Freightliner Custom Chassis Corporation and Morgan Olson on Wednesday, Sept. 29, launched their “next generation” all-electric MT-EV WIV walk-in van with new exterior and interior body styling, and a lightweight, aerodynamic design for improved efficiency. Introduced at the Hybrid Truck Users Forum, the van is built of lightweight, durable composites that are recyclable, while the interior of the cab features an automotive-style interior, maximizing driver comfort and productivity.

“The partnership to develop the MT-EV WIV new body styling with Morgan Olson was a natural progression for the all-electric vehicle,” says Jonathan Randall, director of sales and marketing for FCCC. “The new design was engineered to allow for improved aerodynamics without giving up the functionality of the vehicle. The MT-EV remains a rugged, productive work tool that also maintains maximum cargo capacity. By partnering with Morgan Olson, we have effectively developed the MT-EV WIV to meet performance, as well as environmental needs of our delivery vehicle customers.”

The MT-EV’s steel straight-rail chassis has a GVWR of 14,000 to 19,500 and is designed to reduce flex and bowing to minimize stress while carrying heavy payloads. The MT-EV has a flat-leaf spring front and rear suspension, allowing for a smooth, solid ride that minimizes cargo shifts on uneven road surfaces, while its all-electric nature allows for quiet operation.

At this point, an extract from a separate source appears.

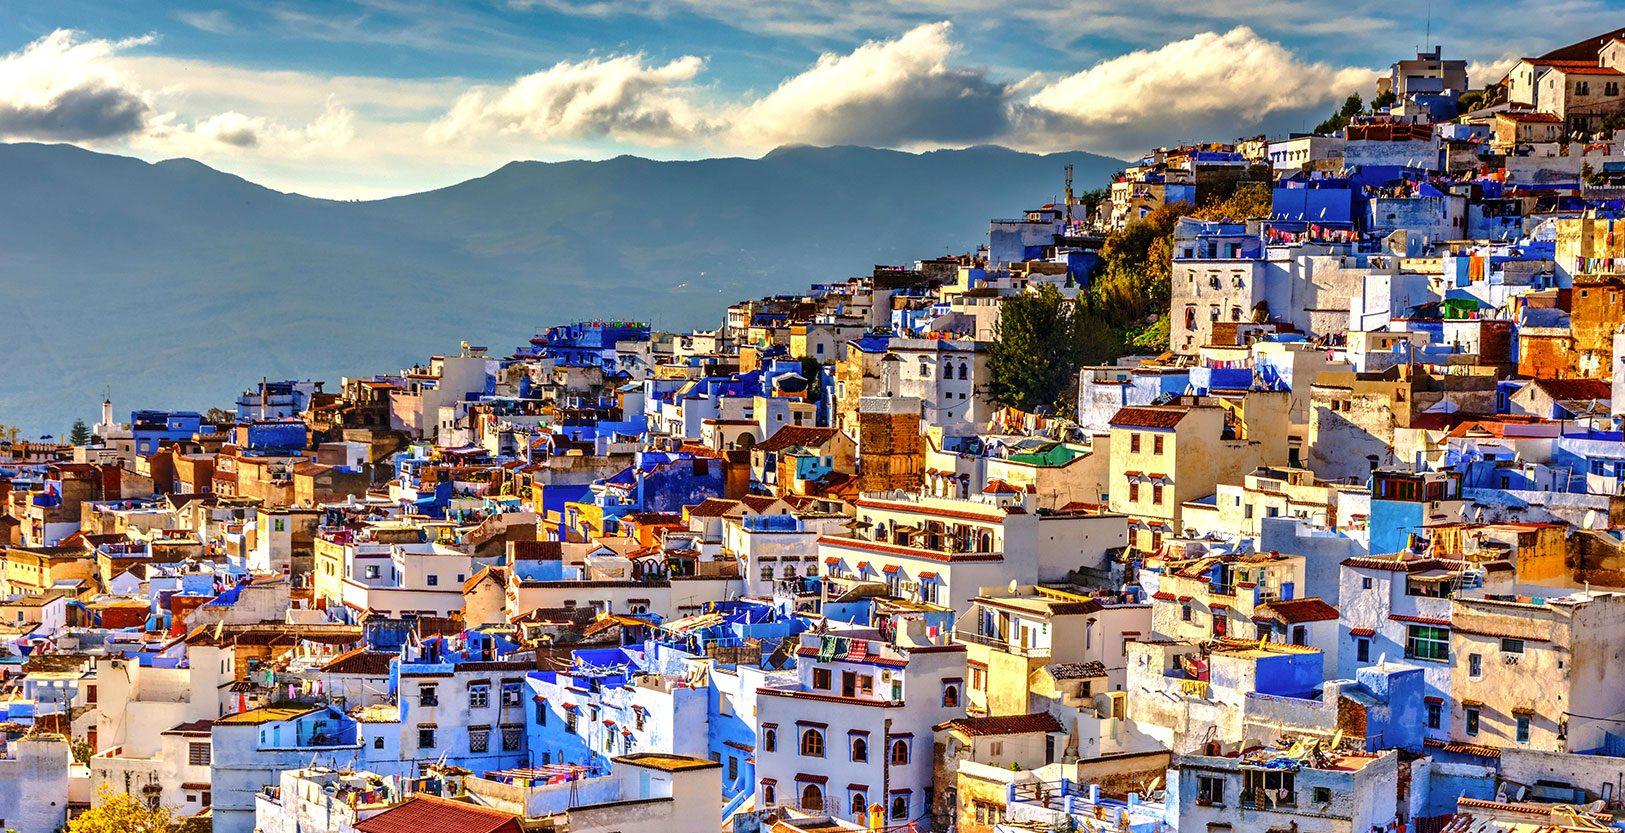 السياحة فى المغرب: أفضل الأماكن بالمغرب التي يمكن زيارتها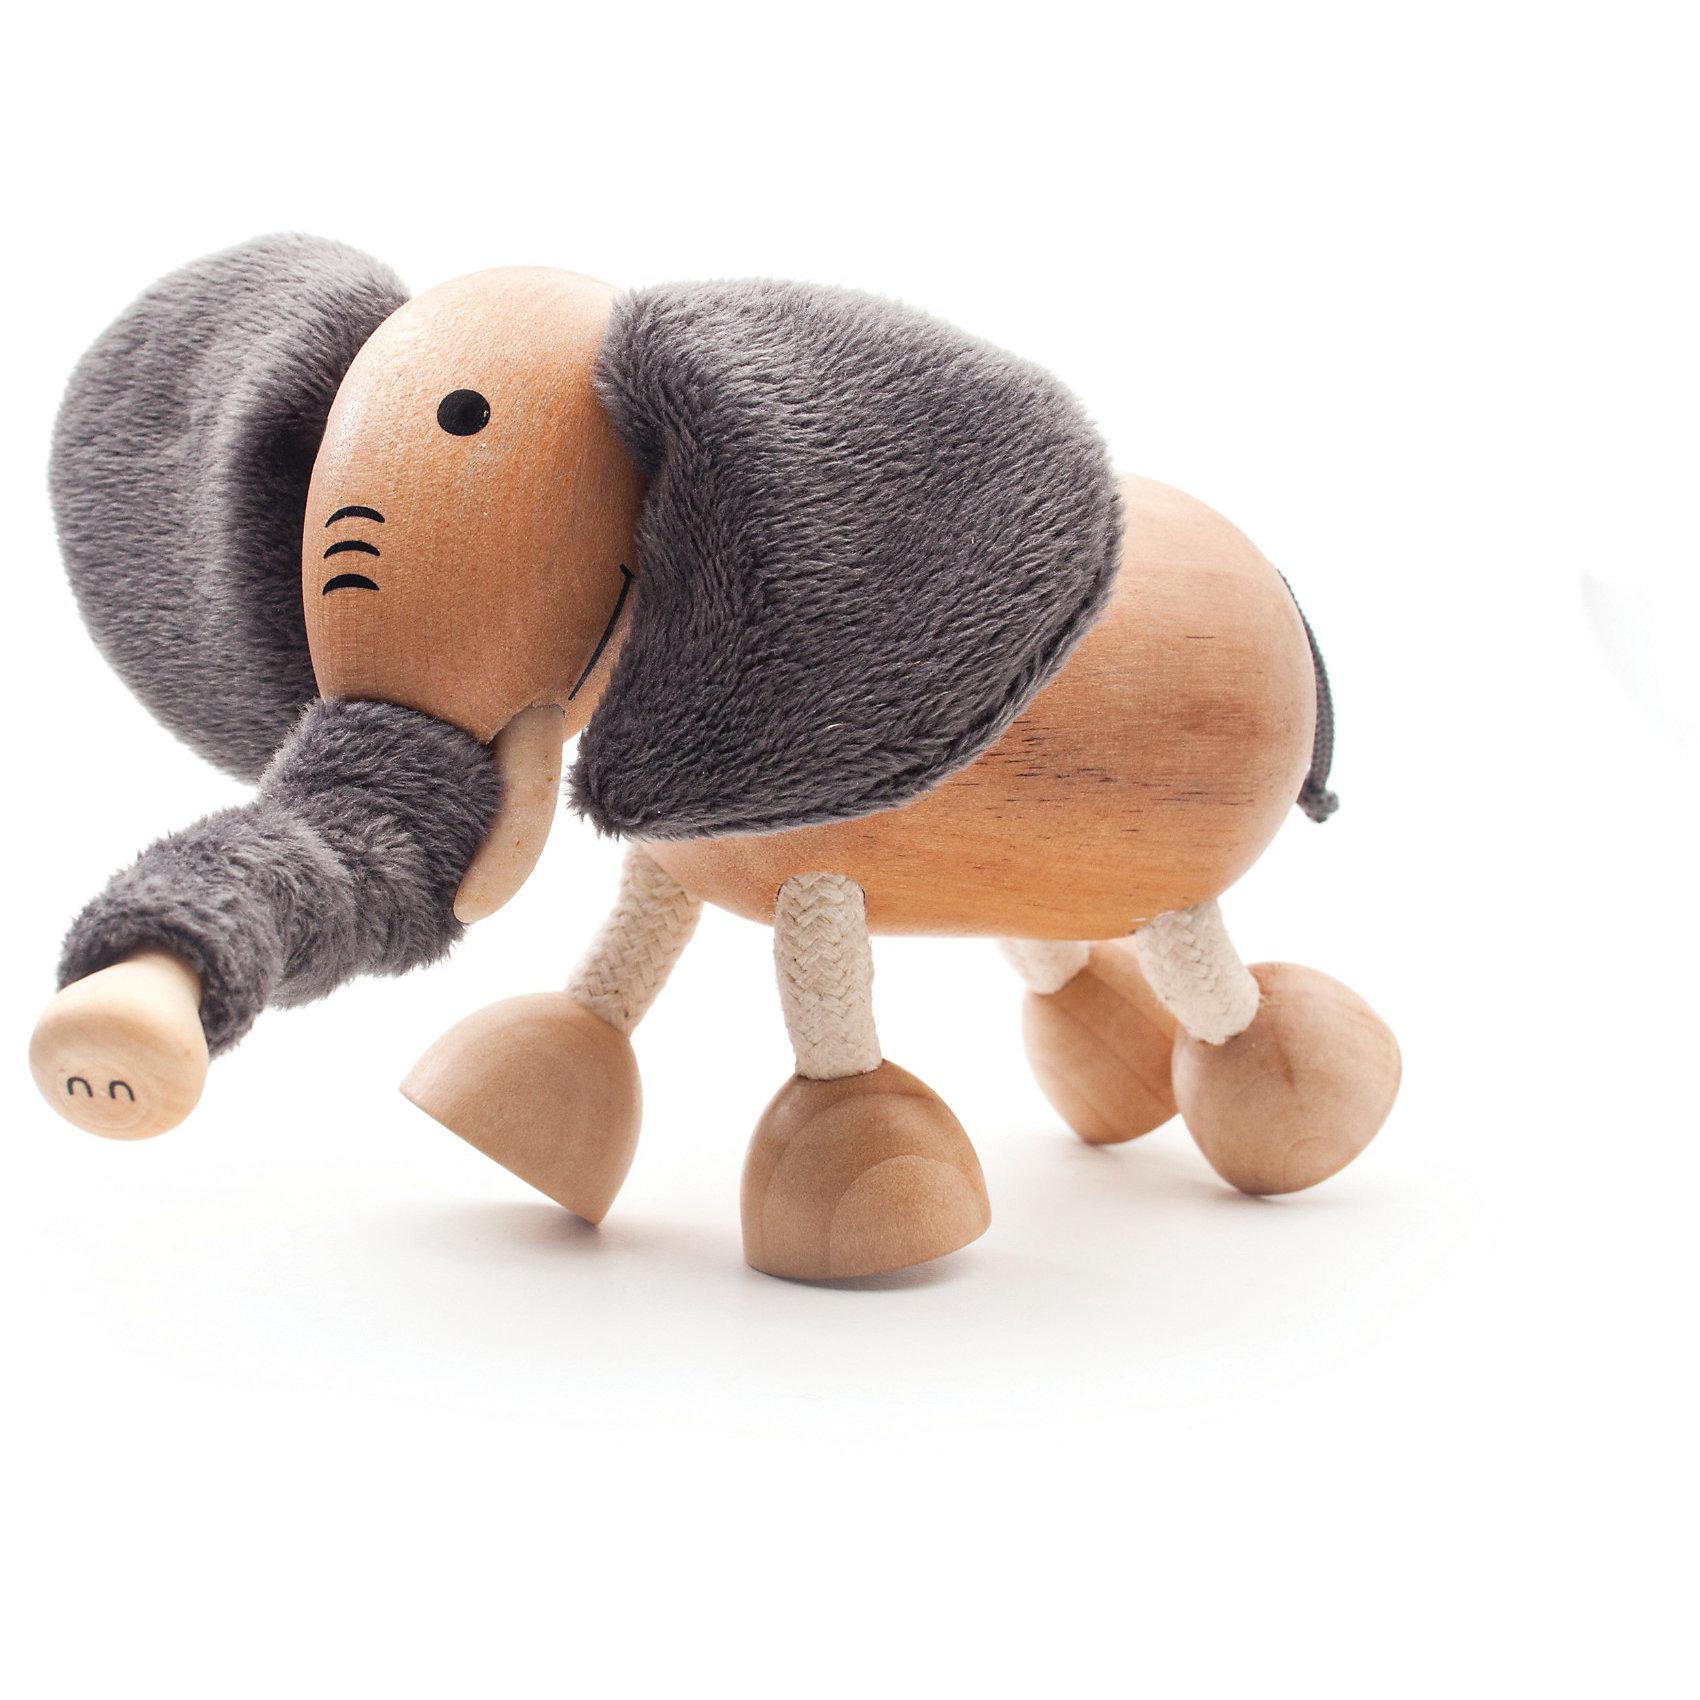 Слоненок, AnaMalzAnaMalz – самые милые деревянные игрушки на свете!<br><br>Придуманные австралийским дизайнером Луизой Косан-Скотт,<br>игрушки AnaMalz завоевали более 15 отраслевых наград, включая Австралийскую международную награду в области дизайна, присуждаемую организацией Standards Australia.<br>- Игрушки AnaMalz предназначены для детей от 3 лет<br><br>- AnaMalz изготовлены из дерева, называемого schima superba или «игольчатое дерево» (быстрорастущее дерево, выращиваемое на лесных плантациях)<br><br>- Рога изготовлены из термопластичной резины (TPR) – материала, одобренного Управлением по контролю качества пищевых продуктов и медикаментов (FDA). Смесь TPR с древесной мукой является экологичной альтернативой пластмассе<br><br>- Все игрушки AnaMalz раскрашиваются вручную с использованием безопасной для детей краски и клея без содержания формальдегида<br><br>- Древесные отходы от производства AnaMalz используются на ферме для выращивания грибов<br><br>AnaMalz завоевали популярность во всем мире. Они стали участниками телевизионных шоу TODAY, шоу Марты Стюарт, Daily Candy Kids и USA Today Weekend. <br><br>Наши маленькие деревянные друзья покорили сердца самых строгих критиков отрасли – и получили множество «игрушечных» наград!<br><br>Ширина мм: 110<br>Глубина мм: 60<br>Высота мм: 90<br>Вес г: 117<br>Возраст от месяцев: 36<br>Возраст до месяцев: 168<br>Пол: Унисекс<br>Возраст: Детский<br>SKU: 3807614

The MT-EV WIV has a one-piece bonded windshield for added visibility, while the headlamps and mirrors of the body were designed to be aerodynamic, taking into account windflow over the hood and cab.

“In addition to building a highly efficient delivery van with a distinctive new look, we have designed a vehicle that makes a powerful environmental statement,” said Steve Miller, vice president of sales and marketing for Morgan Olson. “It allows our customers to show their commitment to the environment while maximizing driver productivity.”

The instrumentation panel within the cab incorporates automotive styling and adds additional features that constantly monitor the EV operating system to provide the driver information, such as the battery state of charge data. Also, the vehicle performance gauge is included to assist the driver in the operation of the vehicle. The full-feature gauge and informational display includes a larger messaging center display area and prognostic information and is sealed, helping to protect it from dust and water projected from backsplash. The larger messaging center display area enables easier reading of fault codes and maintenance notifications. The incorporation of prognostic information provides the driver critical up-to-the-minute maintenance information, such as the life of the engine, transmission, oil and filters.

The all-electric chassis is specifically designed for the urban delivery vehicle market, and the Morgan Olson MT-EV WIV body provides additional safety to drivers, with features such as a curbside exit, walk-through cargo area and direct access to the cargo area from the driver’s station. The chassis utilizes Enova Systems’ 120kW all-electric drive system technology and is powered by Tesla Motors’ lithium-ion batteries.

“We are pleased with the continued progress of our work with FCCC,” says Mike Staran, Enova chief executive officer and president. “Our partnership further demonstrates that the appetite for these products is growing.”

The all-electric drive system features battery packs that provide up to a 100-mile driving range on a single charge, making it suitable for pickup-and-delivery applications. The battery pack will charge from fully depleted to fully charged in six to eight hours. In addition, the vehicle charging system is incorporated into the overall operating system, so no exterior devices are required to charge the truck.

The batteries featured on the electric system capture and store energy during the regenerative braking phase of the vehicle’s operation. The regenerative braking system reduces friction during braking, resulting in less brake wear and extended brake life. The regenerative braking system saves energy by recycling and storing it, which then can be reused to propel the vehicle instead of losing it to heat, as is the case with traditional brakes.